Looking to the year ahead and further forward, PSA International group chairman Fock Siew Wah warned that “the world and our industry will continue to be buffeted by an inexorable range and accelerating pace of transformation and disruptions in the way goods are produced, sold, transported and used.”
“PSA will continue to work closely with its partners and customers to tap the relevant technologies, develop innovative solutions that facilitate trade flow and improve processes, and co-create business models that will bring sustained benefits and value to all stakeholders in the global supply chain,” Fock concluded.

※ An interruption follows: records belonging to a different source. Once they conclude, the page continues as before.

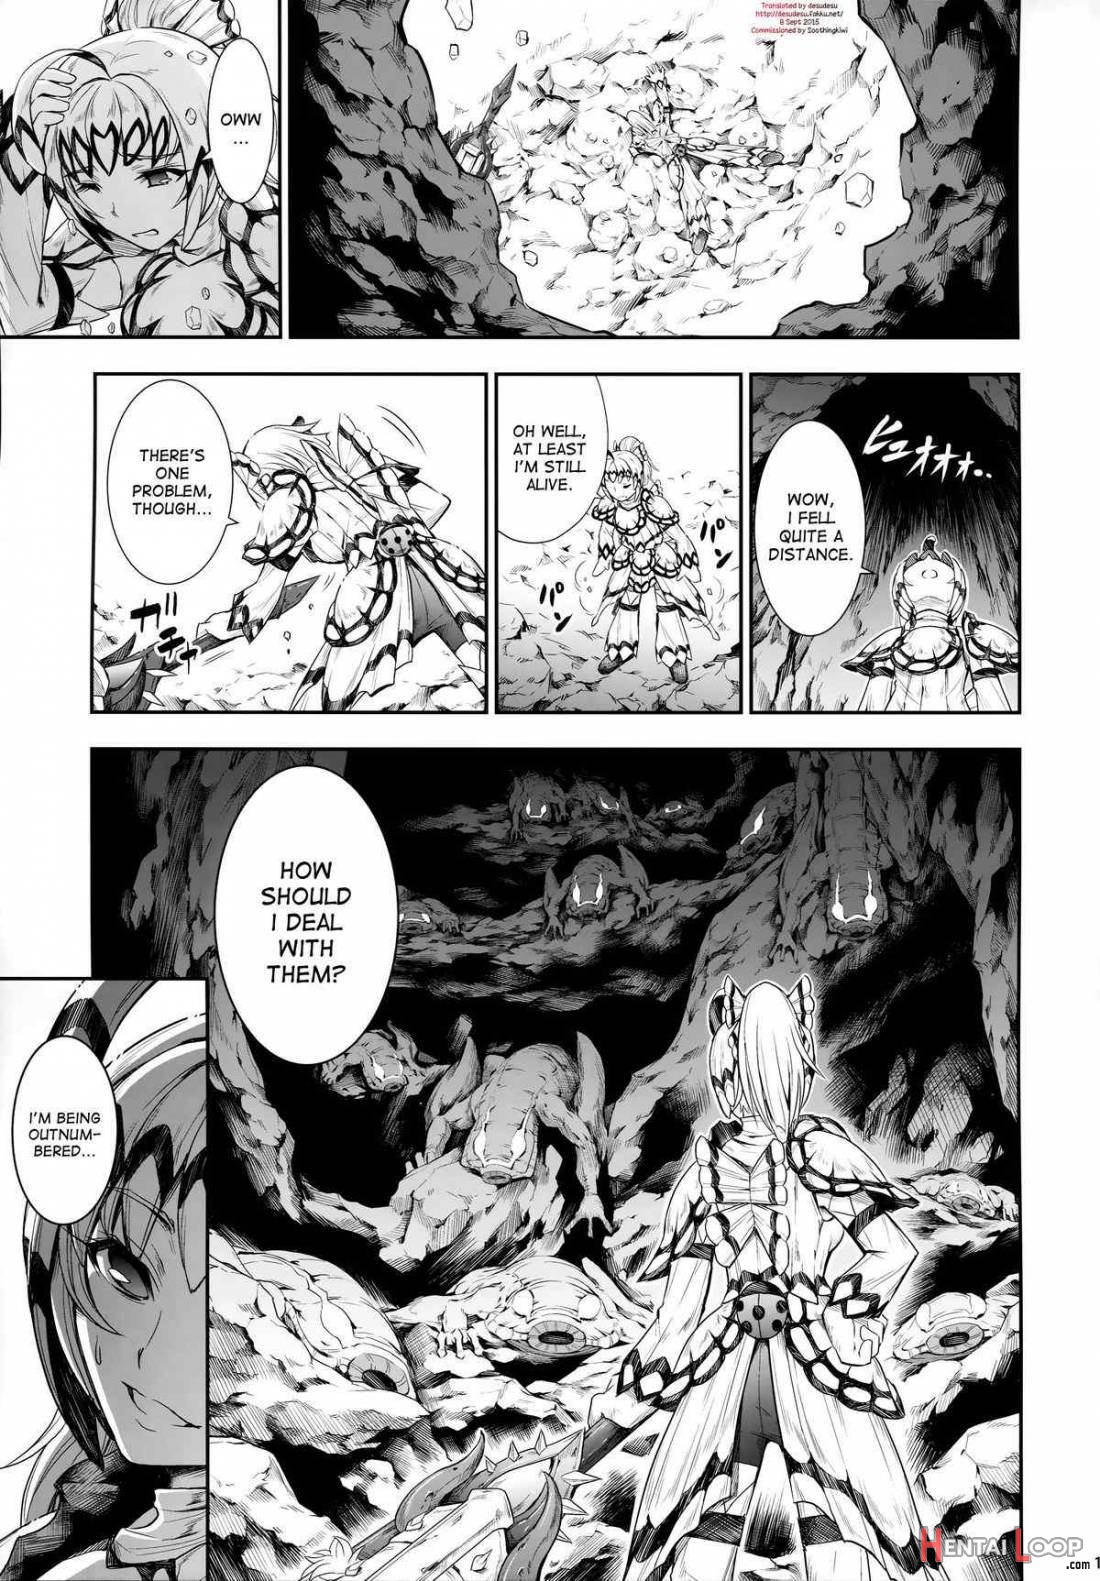 Solo Hunter No Seitai 4: The Fifth Part page 2
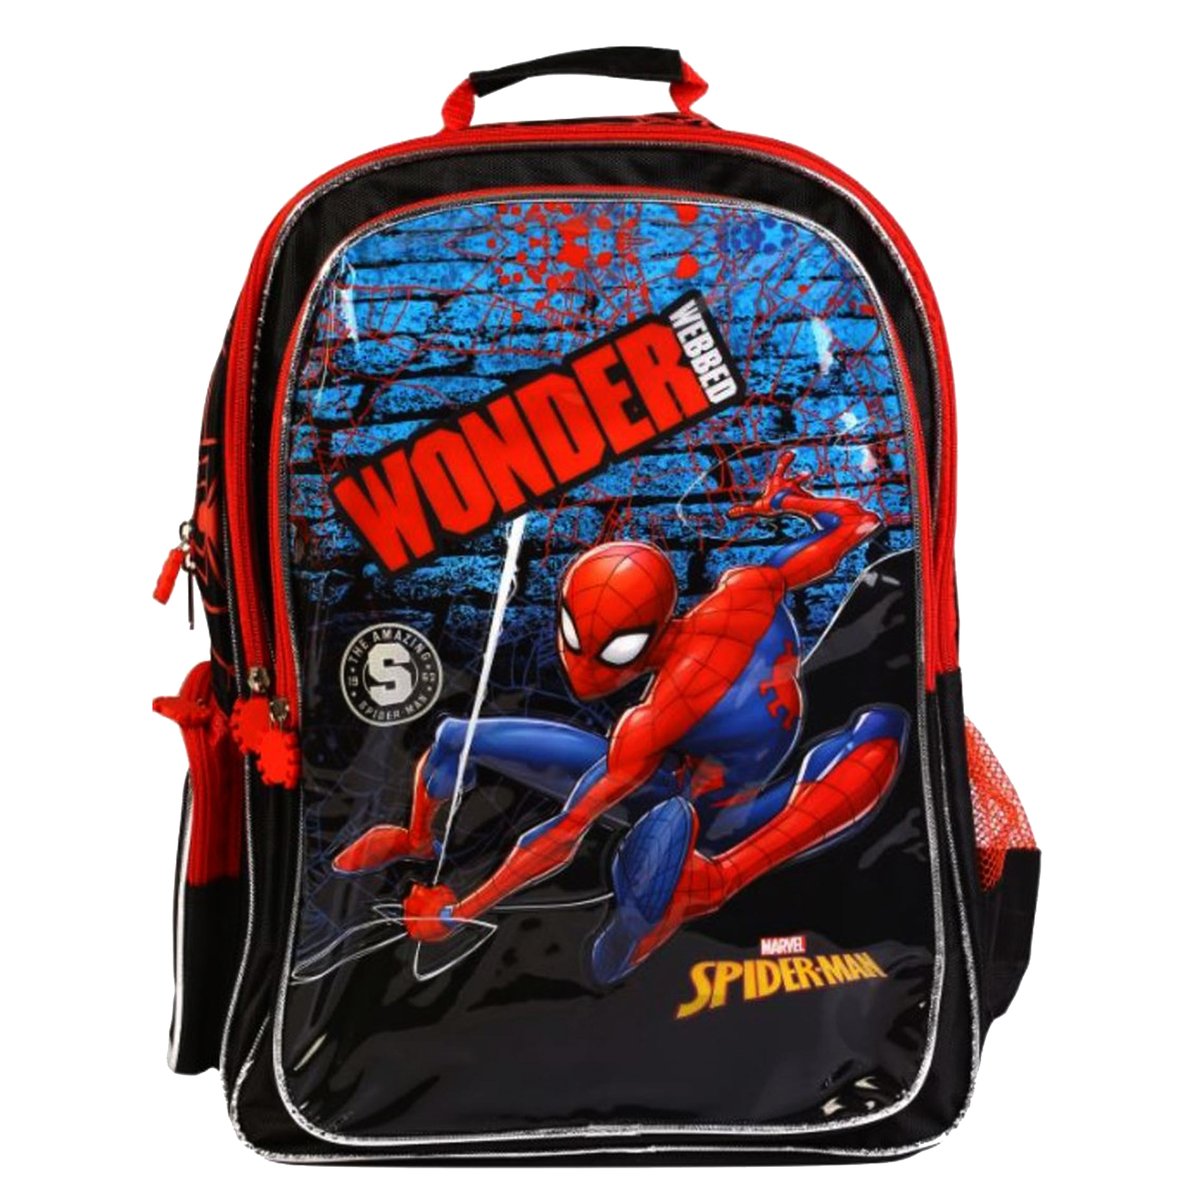 SpiderMan Backpack FK160391 16in
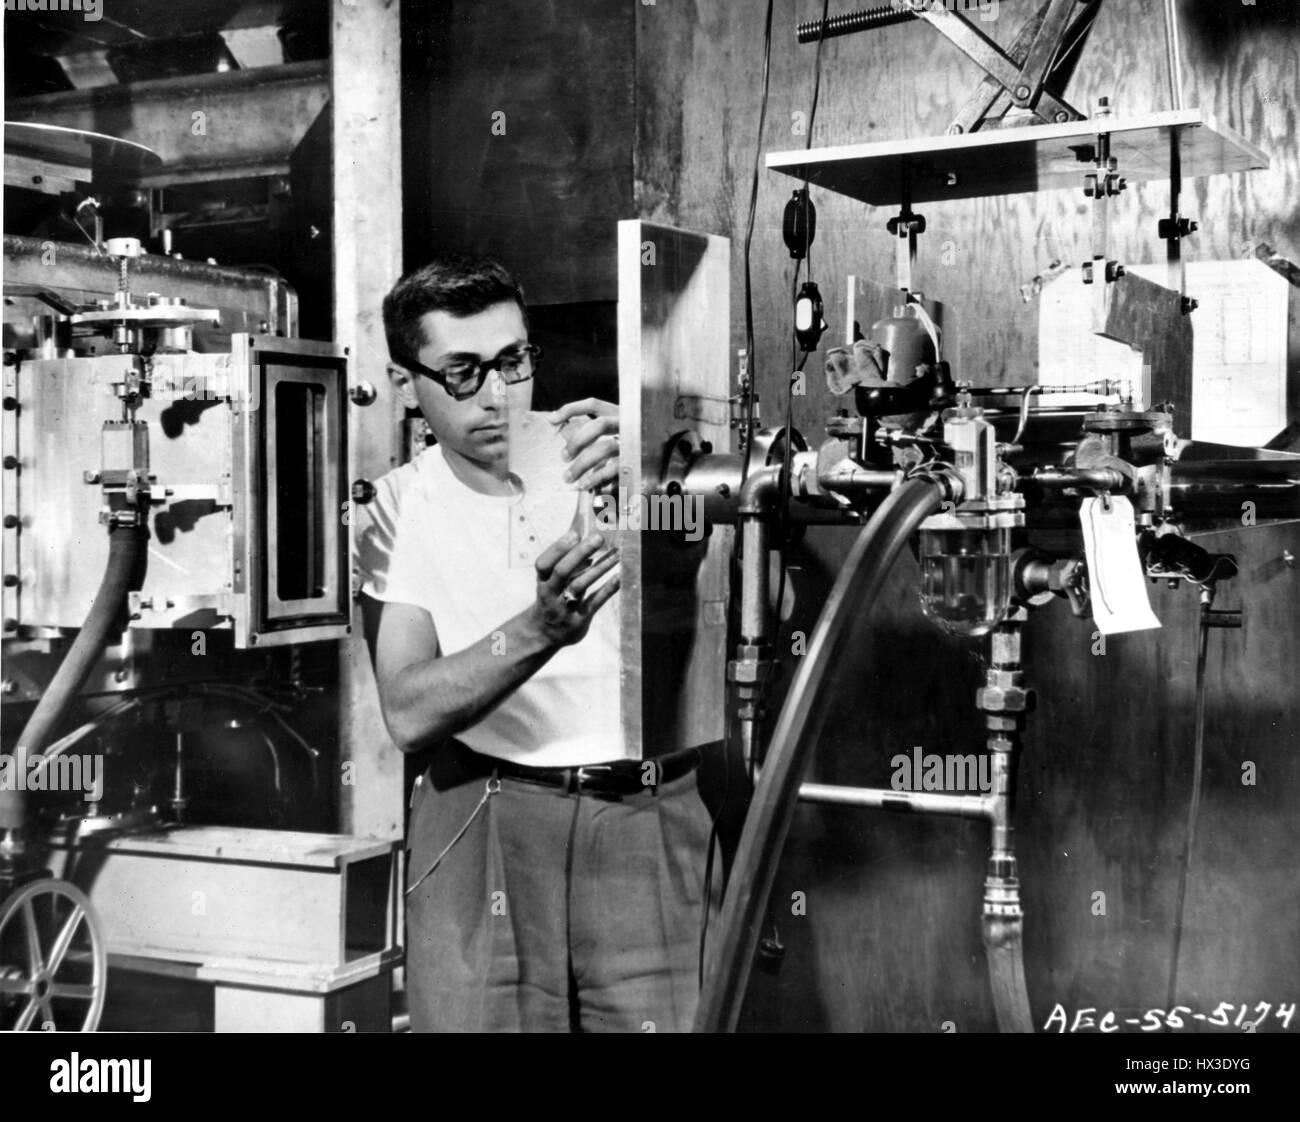 Un fisico si prepara un pezzo di plastica che verrà bombardato con miliardi di volt protoni nel Cosmotron a Brookhaven National Laboratory di Upton, New York, 1955. Immagine cortesia del Dipartimento Americano di Energia. Foto Stock
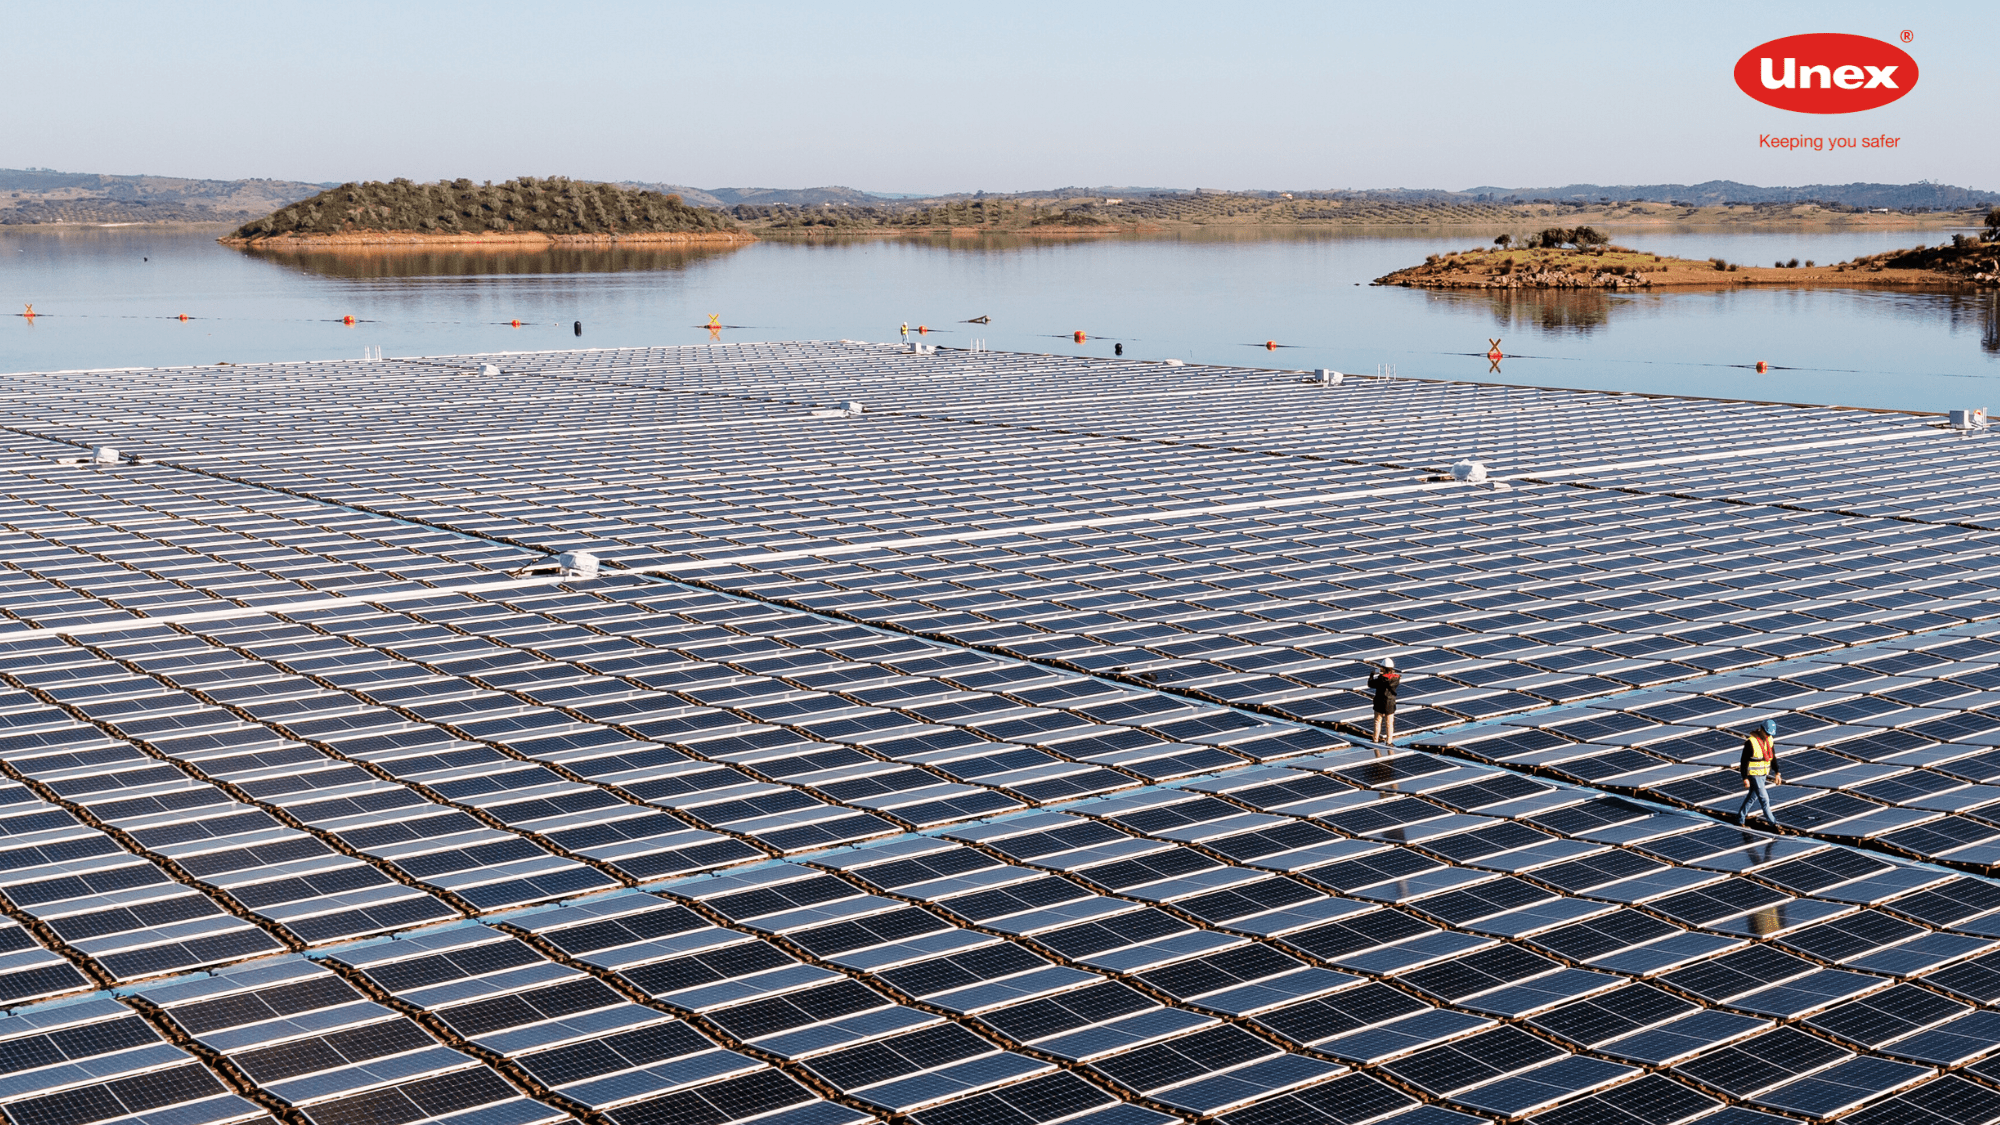 Bandeja 66 Unex en la planta fotovoltaica flotante más innovadora de Europa

Group ceo Tan Chong Meng also noted the increasingly digital dimension to the upcoming changes in the industry. “As we witness the current wave of digitalisation and acknowledge the increasing quest for cargo flow visibility, we believe PSA can work with our customers and partners to create a new suite of solutions that exploit the opportunities which digitalisation offers, taking advantage of the fact that PSA already operates at key nodes of global trade and supply chains,” he said.
“Going into 2018, we are keenly aware that the dynamics of our industry remain highly changeable and competitive. PSA will therefore keep an open mind, embrace change and collaboration, seize opportunities, and seek common good,” Tan added.
Meanwhile, with one eye on the dynamic changes in store in the future and the other firmly fixed on managing the present challenges, PSA saw good gains in both its international and flagship Singapore operations in 2017.
As a whole, PSA International (PSA) handled 74.24m teu in 2017, representing an increase of 9.8% from the previous year.
PSA’s flagship Singapore Terminals contributed 33.35m teu of that, with throughput rising 9.0% over 2016. PSA terminals outside Singapore delivered a total throughput of 40.89m teu, growing at a slightly faster pace of 10.4% over 2016.
Acknowledging the role of the recovery in the global economy, Tan said: “2017 ended on a relatively positive note as global container throughput had its strongest showing since 2011, aided by stronger economic growth in many countries.”
Alluding to the much speculated volume gains at the expense of neighbouring ports, he also noted that “the frenzied container liner shipping consolidation in 2016, which percolated into service deployment changes in 2017, also contributed towards PSA's group throughput for the year”.